S M E T A P Rivière Dordogne
SYNDICAT MIXTE D'ETUDES ET DE TRAVAUX POUR L'AMÉNAGEMENT ET LA PROTECTION DE LA RIVIÈRE DORDOGNE















Processus de dénitrification

Processus naturel de dénitrification par les végétaux de la ripisylve

Le prélèvement racinaire des végétaux et la dénitrification microbienne anaérobie sont les principaux processus naturels pour une épuration des eaux polluées qui traversent les zones alluviales.

La capacité de rétention de ces milieux est dépendante des flux hydrologiques qui les traversent et/ou les engorgent, de la nature des sols en place, de la dynamique et de la stabilité des formations végétales qui les composent.

Flux de nitrates en l'absence de ripisylve


Fonctionnement


En été (période d'activité des végétaux) Absorption racinaire
Plusieurs résultats d'études expérimentales effectuées au niveau de zones alluviales ont été publiés, montrant le rôle de la végétation des cours d'eau pour le contrôle des flux de nitrates : on peut observer, d'après ces études, que les végétations rivulaires, ripisylves et forêts alluviales, contribuent efficacement à l'élimination des composés azotés transitant dans les zones alluviales.
Ainsi, pendant la pèriode végétative (environ huit mois par an, de fin février jusqu'à fin octobre), ces formations végétales particulièrement dynamiques prélèvent directement les composés azotés nécessaires à leur croissance au sein de la nappe alluviale (eaux de sous-écoulement depuis les zones de cultures jusqu'à la rivière). Les nitrates sont alors incorporés et stockés dans le tissu végétal sous forme réduite, constituant essentiel des structures végétales. Il y a fabrication de biomasse.

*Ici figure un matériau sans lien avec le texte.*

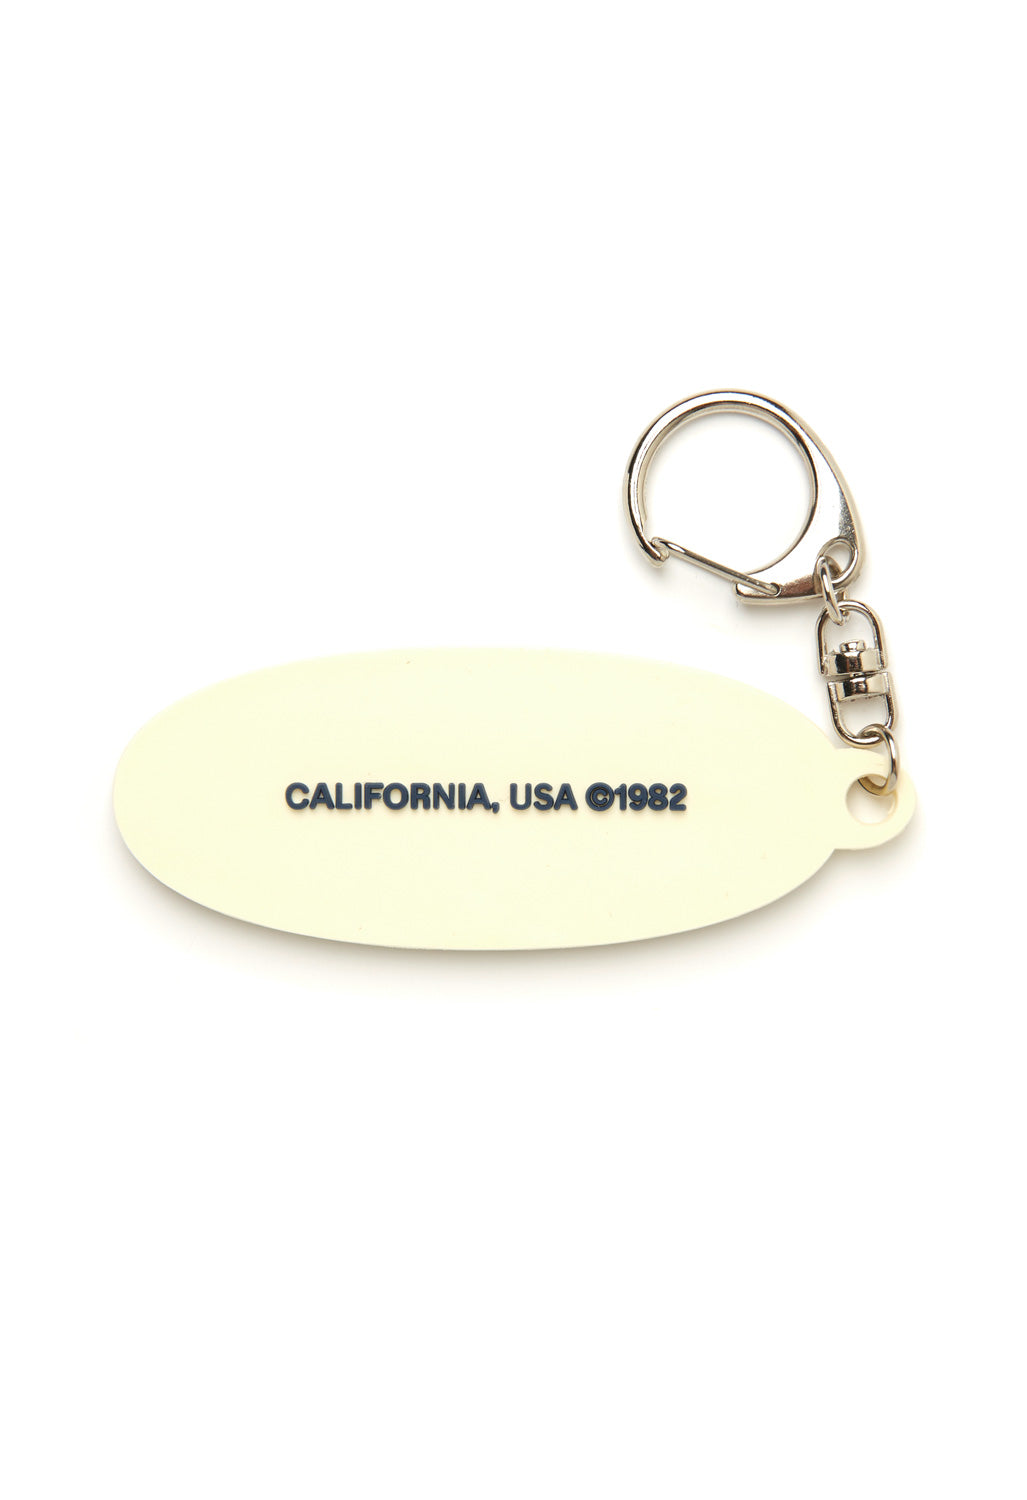 Gramicci Oval Key Ring - Off White

En hiver (période de repos des végétaux) : dénitrification
La dénitrification microbienne ou "respiration nitrate", est utilisée par des bactéries lorsque le milieu ne contient plus de dioxygène (ou milieu anaérobie, symbolisé par le calque bleu sur le schéma). A défaut d'oxygène, ces bactéries, dites dénitrifiantes, utilisent alors les nitrates comme accepteur final d'électron dans la chaîne respiratoire pour pouvoir oxyder les matières organiques incorporées et fournir de l'énergie (sous forme d'ATP - Adénosine Tri Phosphate) aux cellules.

Les ripisylves et autres zones tampons peuvent offrir des conditions favorables à la réalisation de la dénitrification microbienne


  • Le fort degré d'engorgement des sols pendant les périodes de hautes eaux (hiver, printemps) permettent de créer des conditions d'anoxie du milieu.
  • La productivité primaire peut fournir le carbone organique nécessaire aux micro-organismes par la litière (feuilles mortes) en décomposition.
  • L'écoulement de la nappe au sein des sédiments alluviaux permet une arrivée constante de nitrates aux bactéries.


  • Une bande forestière située entre le cours d'eau et les cultures permet une épuration des eaux qui la traverse.

De plus, la végétation empêche le lessivage des terres en bloquant les alluvions des terres agricoles qui descendent vers la rivière.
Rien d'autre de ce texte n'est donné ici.